"An ensemble of singing actors they claim to be, and an ensemble of singing actors they are," Edward Ballantine, Ed. '07, assistant professor of Music and tutor in the Division of Music, told a CRIMSON reporter yesterday, speaking of the American Opera Company, which will feature "Harvard Night" at the Hollis Street Theatre this evening with its production of Gounod's "Faust."
"A performance by the American Opera Company gives to the audience not only keen artistic pleasure but a sense of participation in the making of musical history," Professor Ballantine said. "This company is an evidence of the recent growth of musical activity in America. All the singers are American, none of them over 32 years of age, and none is fat.
"While none is quite of the Metropolitan Opera calibre, all have excellent voices and there is among them a degree of teamwork which is often lacking in the company of stars. The company certainly justifies its claim of being singing actors. They sing to each other and not at the audience.
"Most of the chorus singers are soloists who take their turns in individual roles. As members of the chorus they are individualized in action, and, being a company which has worked together for four consecutive years, they bring out the dramatic value of the operas as well as the music.

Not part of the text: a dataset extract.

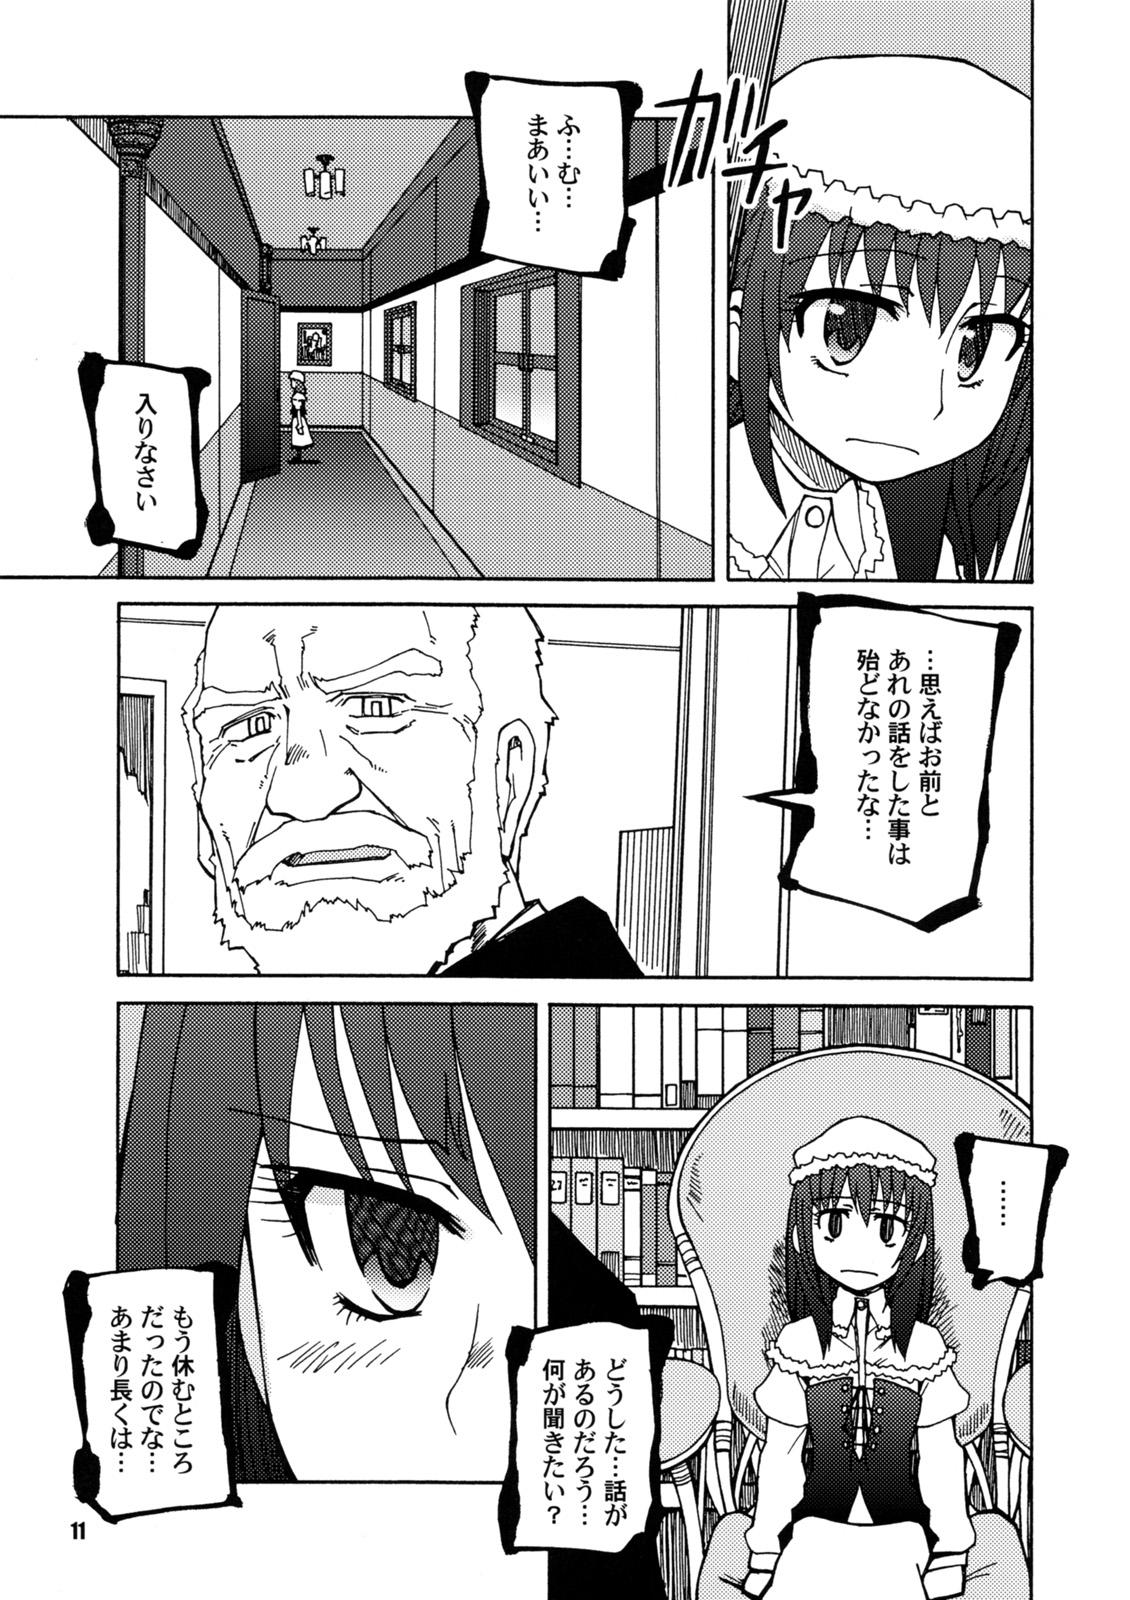 Motel SEASON OF THE WITCH - Umineko no naku koro ni Piercing - Page 10

"There is nothing routine about these productions of familiar operas. Rosing, the director, is full of original ideas, which are carried into execution in a spirited manner by members of the company. The settings of Robert Edmond Jones are a happy blend of impressionism and historical realism. The operas are sung in English, not in the old hack translations, but in careful adaptations of the words to the music by Robert Simon, the music critic of The New Yorker. For 'Faust' he has prepared a skilfully adapted libretto, while for the other operas English versions have been carefully, though less originally, made."